Here, net is a table into which changes are “predicted” by Attunity Replicate itself. As a result of the implementation of this refinement, the number of requests to the receiver base has decreased dramatically and we are now able to handle the full amount of changes that our sources make. This technology Attunity called turbo stream CDC and it is fully justified: when the average load on the source data is replicated to the GreenPlum with a delay of an average of 60-80 seconds. There are, of course, problems. With a peak load at the source (for example, at the closing of the operating day), the delay increases, sometimes significantly, up to 1.5 hours. The reason lies in the fact that Attunity Replicate works through LogMiner, which does not always have time to process the database logs at peak loads.
In the process of applying changes, so-called apply conflicts are possible - conflicts of applying changes to the receiver. The most frequently encountered are: 0 rows affected (no records were updated on the receiver) and duplicate keys (insertion of a record that already exists in the receiver). During normal operation of the system, these conflicts are possible during the initial load, since in order to ensure the consistency of data in the receiver, Replicate begins to capture changes in the data a little earlier than full unloading. Attuity Replicate detects such conflicts and goes into row-by-row mode, saving them to a special system table for further analysis.

Work on LogMiner.

CDC solutions can use two different mechanisms for reading source transaction logs: their own binary (binary reader) mechanism and the source database engine. In the case of Oracle, this is Oracle LogMiner, which can return data in two modes:

• commited data (returns DML for commited transactions only)
• raw data (returns data about all transactions)

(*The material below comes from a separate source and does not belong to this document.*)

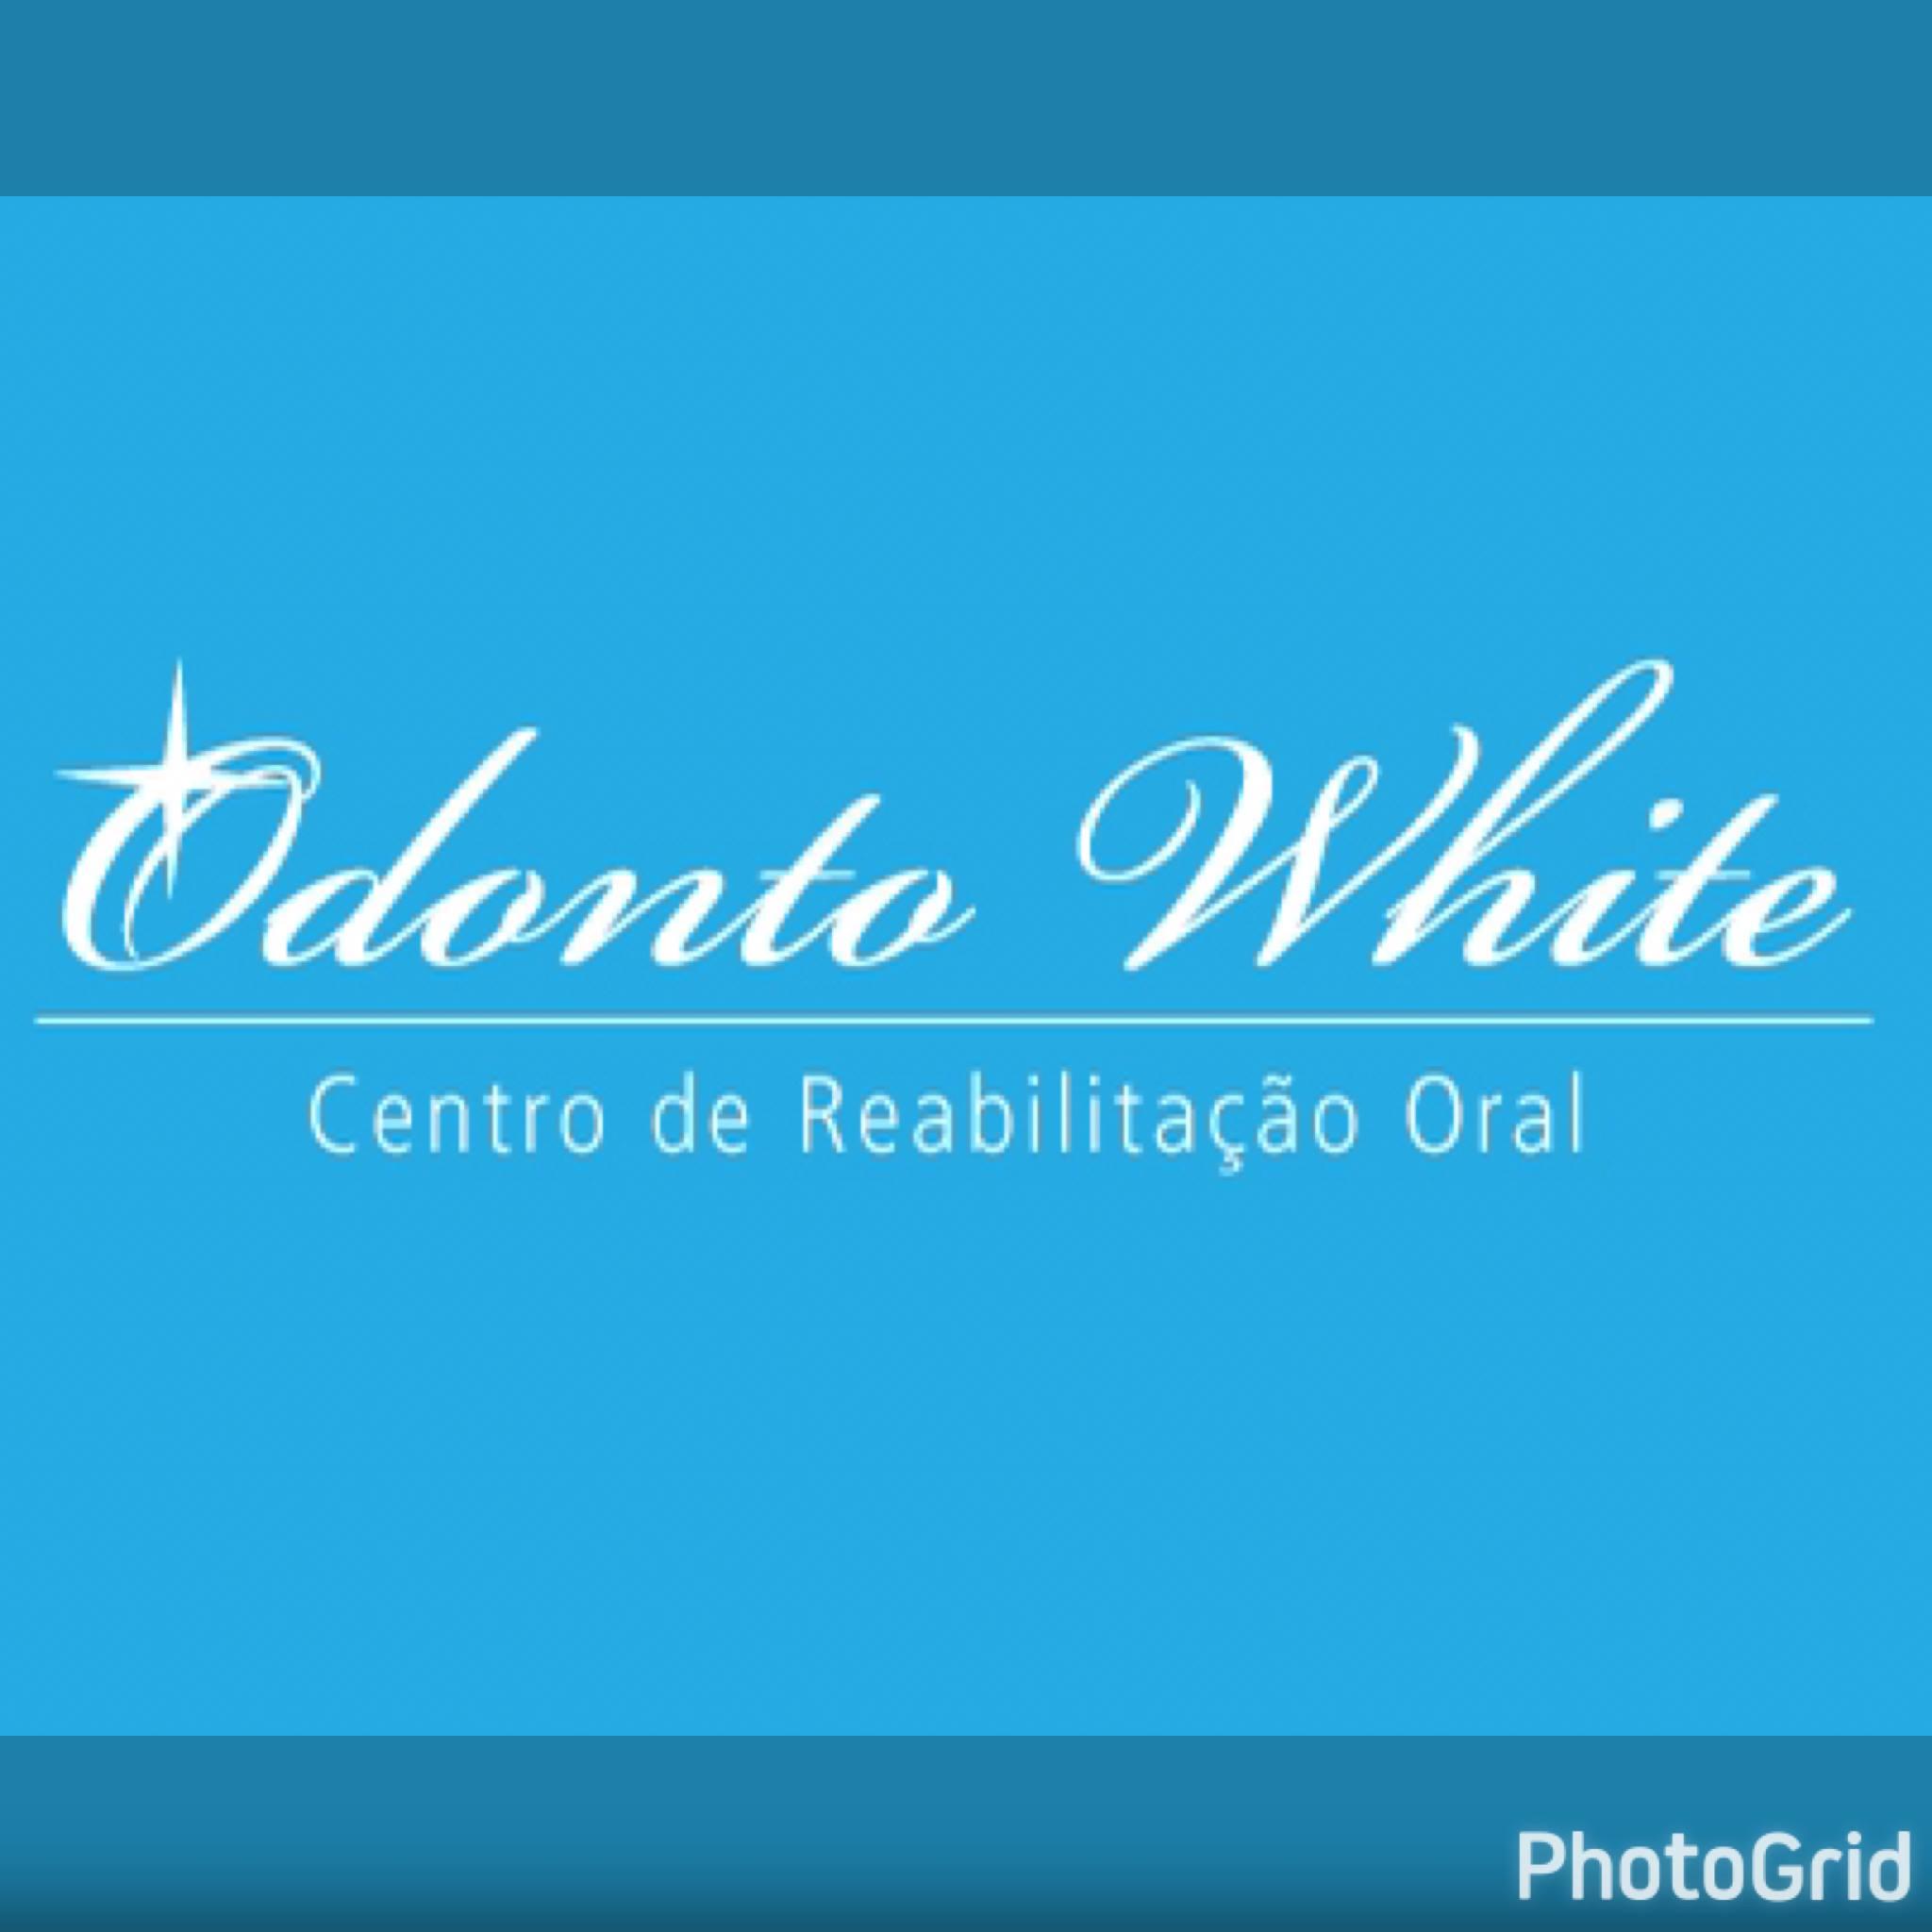 Odonto White

In commited data mode, the performance of Oracle LogMiner is terrible and requires additional resources at the source. In the case of raw data, the performance is much better, less resources are required, but in this case, the application should take over the functions of additional analysis of the results returned by the LogMiner and the generation of SQL-statements on this basis, which will be applied to the receiver.
At this stage, Attunity Replicate works using the Oracle LogMiner raw mode, but their plans are to stabilize their own Binary Reader, which can be configured to read transaction logs directly from the rack, where they are stored, and even a small load on the source system at the moment capture changes disappear completely.

Current project status

Currently, version 2.2 is successfully operating in production, and version 3.0 Attunity Replicate is being tested in parallel. The load on the systems - sources (outside the periods of initial loading) was not significant - due to the fact that when calling LogMiner methods, the raw data mode is used. As for GreenPlum, everything is in order here too. Although the number of transactions performed by Attunity Replicate and large, it is much less than the number of transactions that are performed on the source systems and in view of the small amount of changes made by each transaction, the load on the receiver is also not significant.

Instead of conclusion

This article is the second step in the coverage of DWH technologies in our Bank. Ahead of the story about the online-warehouse (the basis of which, as it is not difficult to guess, was CDC Log mining), and much more interesting.